TASK DIRECTIONS - Within the listing that follows, reproduce exactly the lines starting at the line with "Used 2016 BMW" and ending at the line with "Love Affair - Ray Conniff", inclusive, and only those. Pictures are dropped.

MATERIAL FOR THIS EXERCISE -
--- START ---
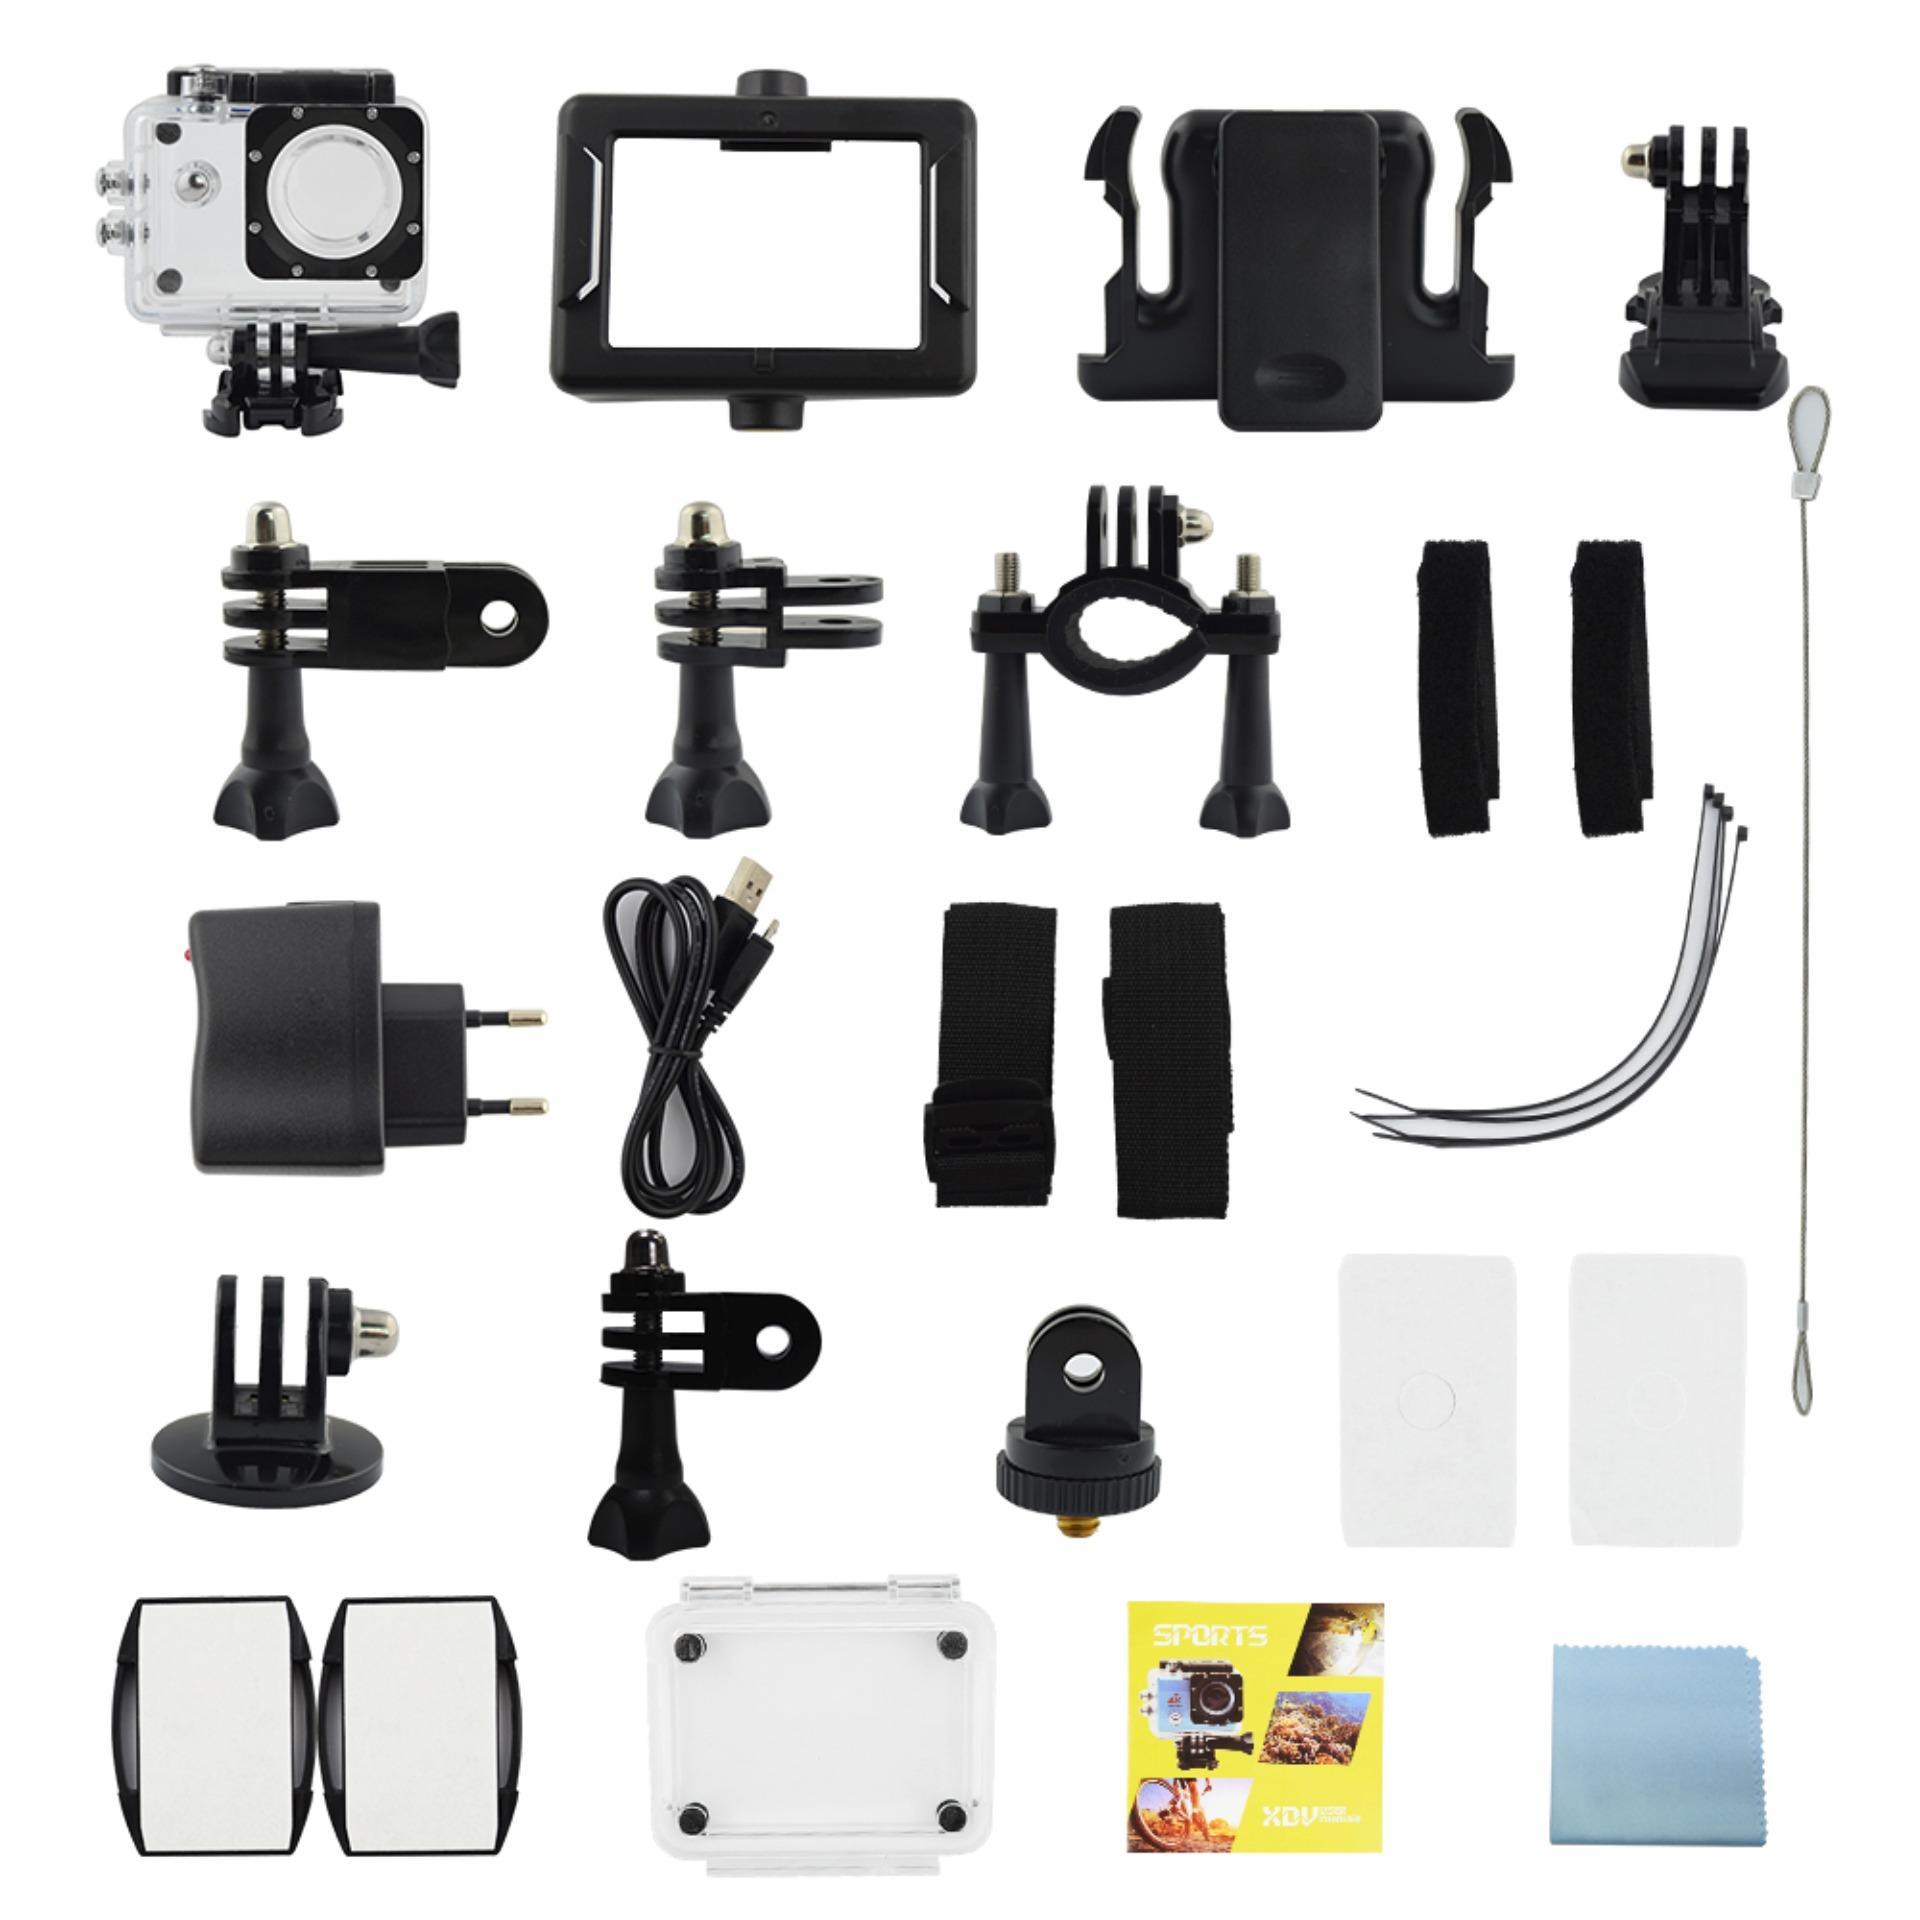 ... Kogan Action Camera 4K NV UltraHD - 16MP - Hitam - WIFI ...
--- END ---
--- START ---
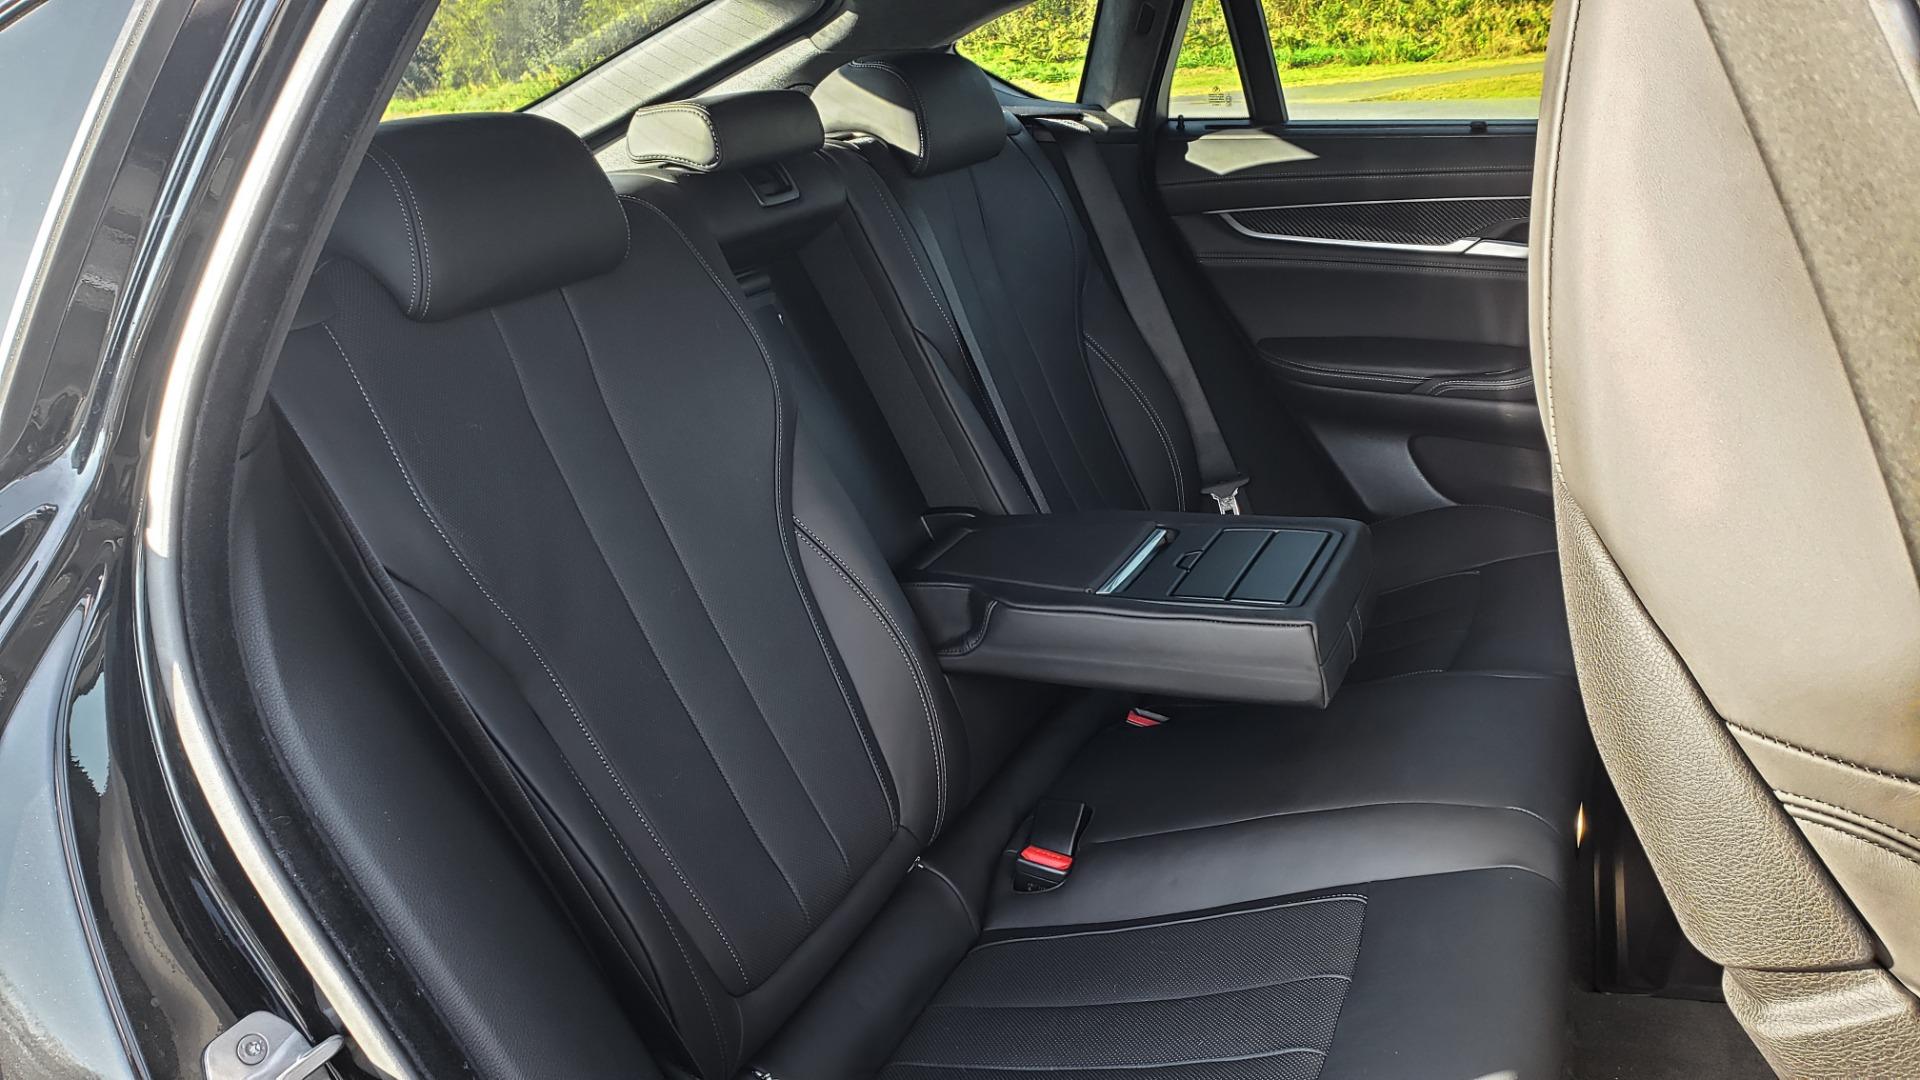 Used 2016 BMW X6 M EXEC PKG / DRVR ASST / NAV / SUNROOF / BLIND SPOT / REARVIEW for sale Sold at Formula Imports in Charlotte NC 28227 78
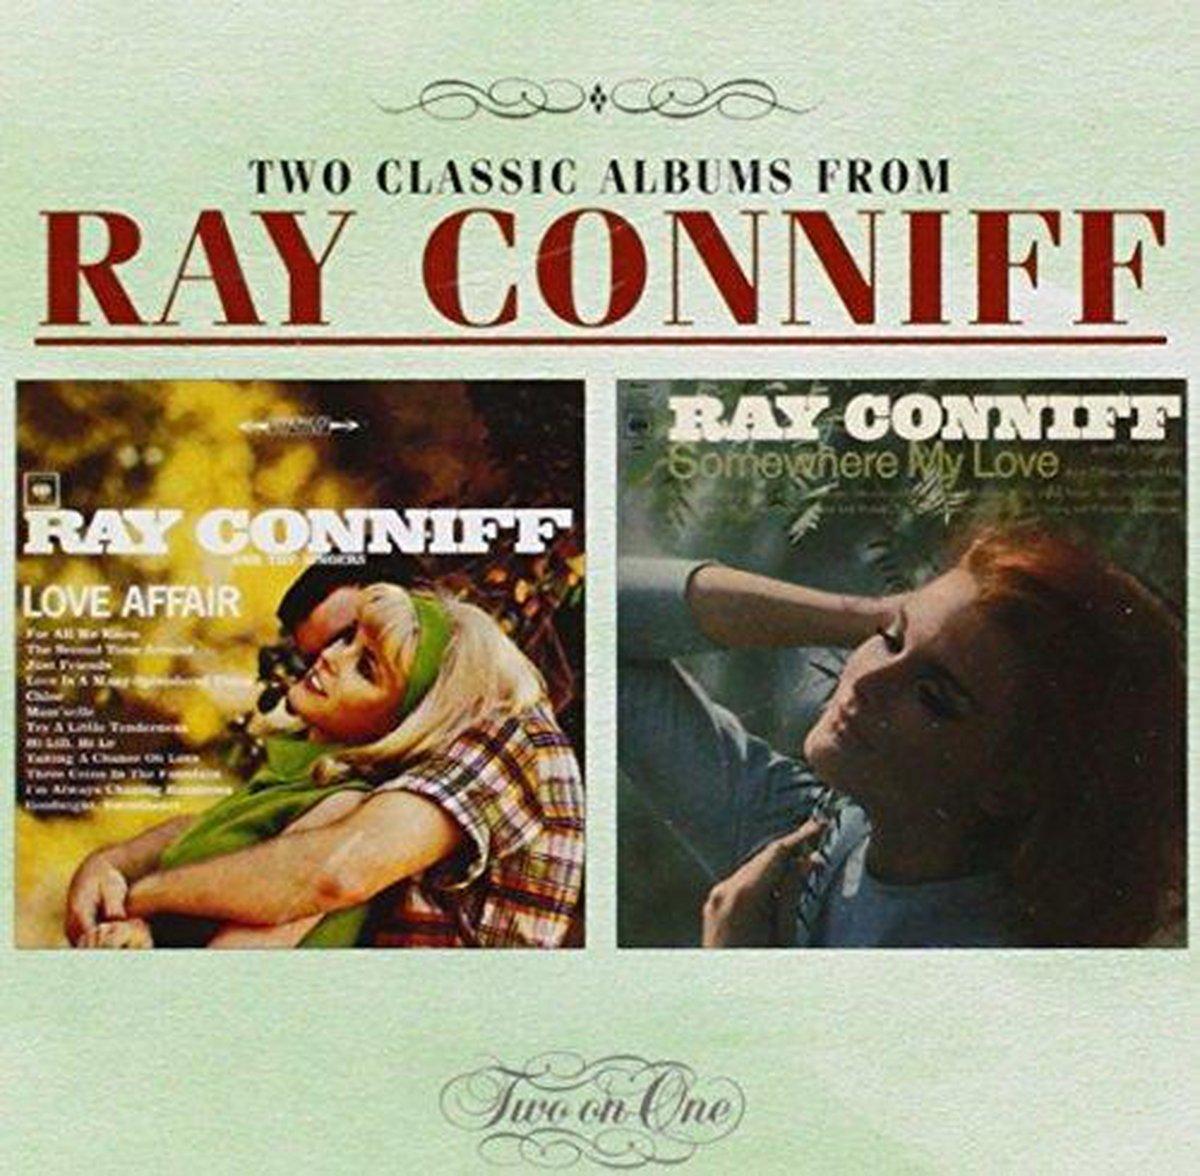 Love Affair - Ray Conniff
--- END ---
--- START ---
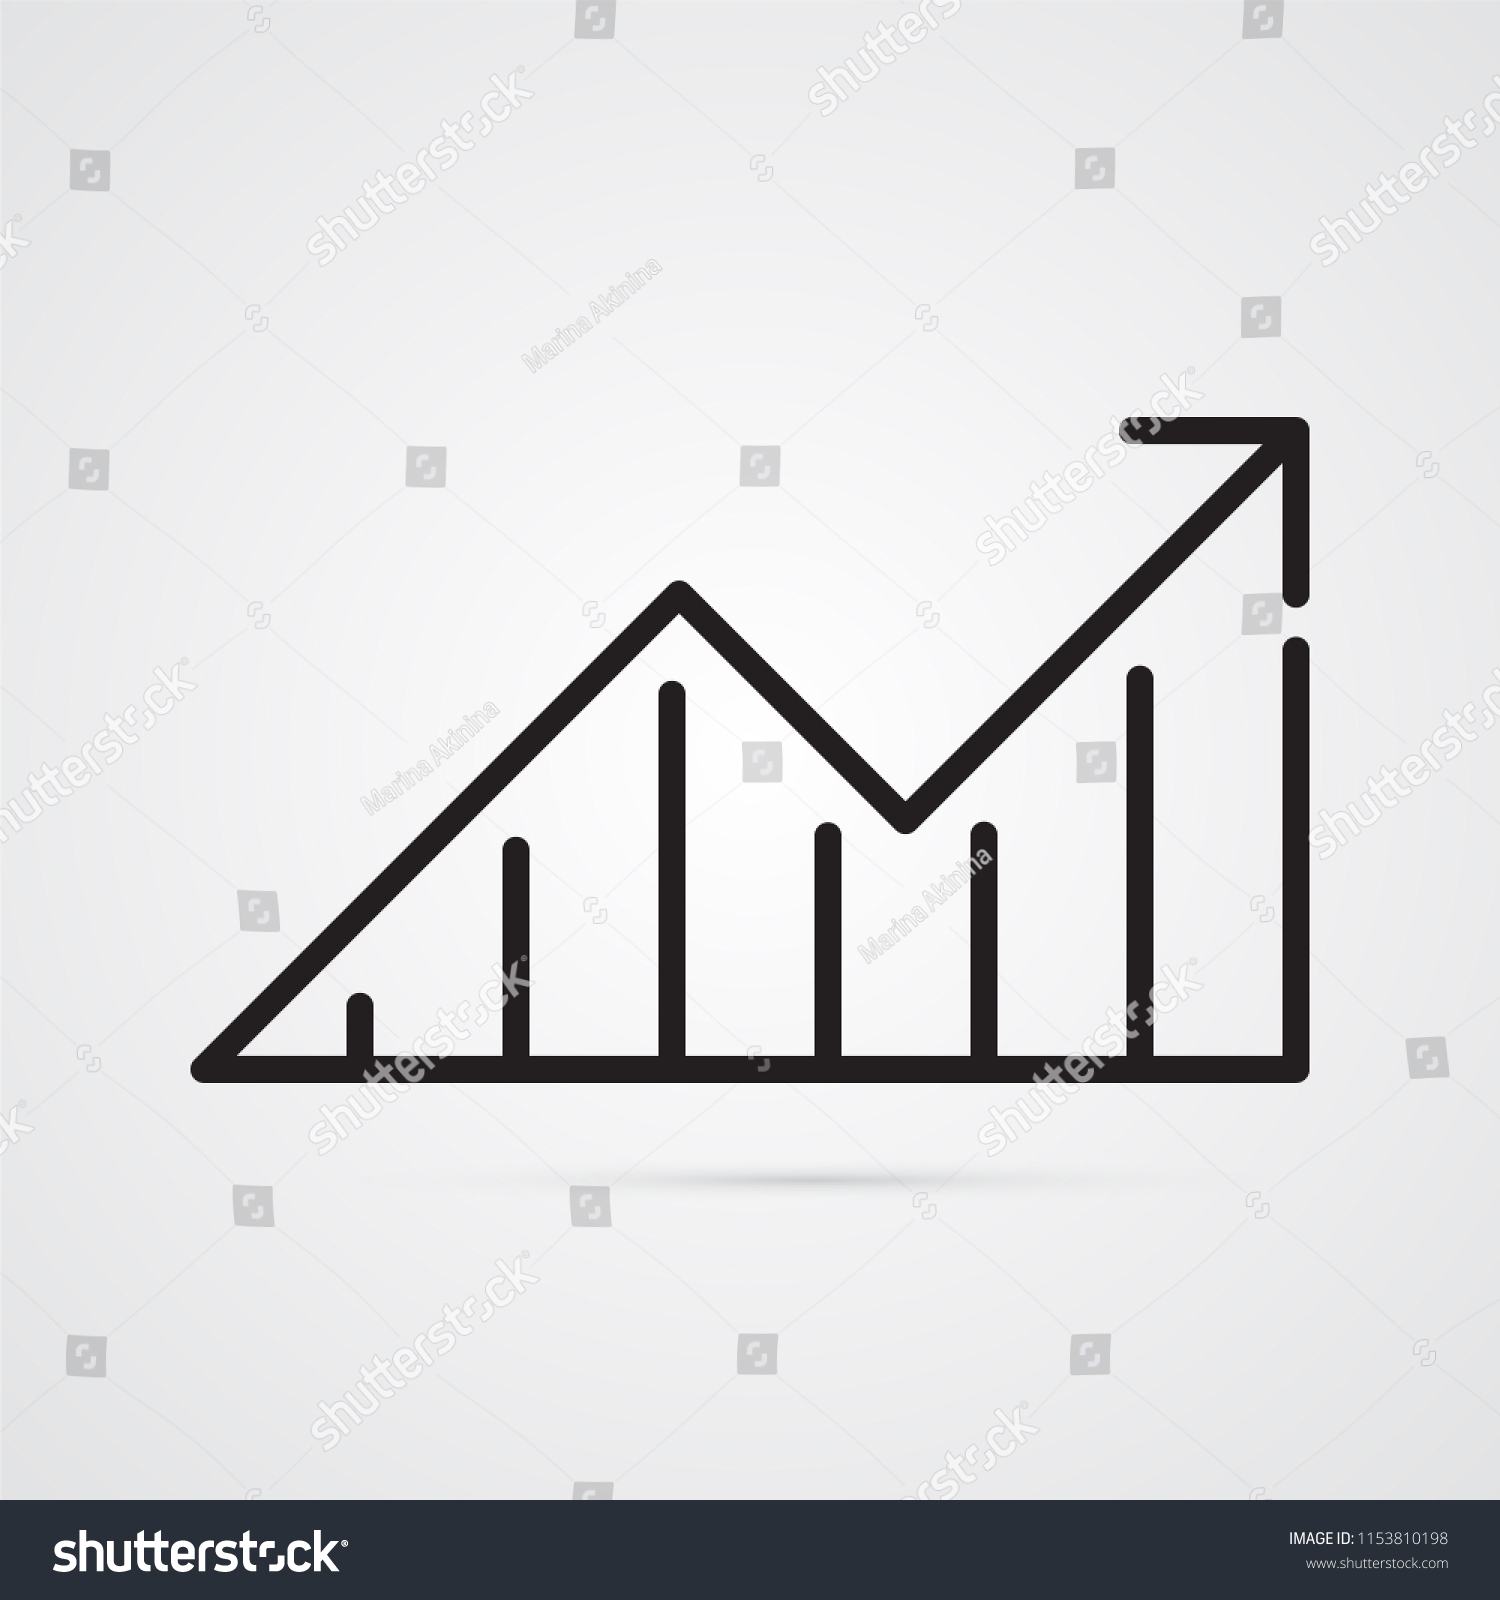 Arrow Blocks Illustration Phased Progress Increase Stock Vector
--- END ---
ANSWER BOX -
 Used 2016 BMW X6 M EXEC PKG / DRVR ASST / NAV / SUNROOF / BLIND SPOT / REARVIEW for sale Sold at Formula Imports in Charlotte NC 28227 78
 Love Affair - Ray Conniff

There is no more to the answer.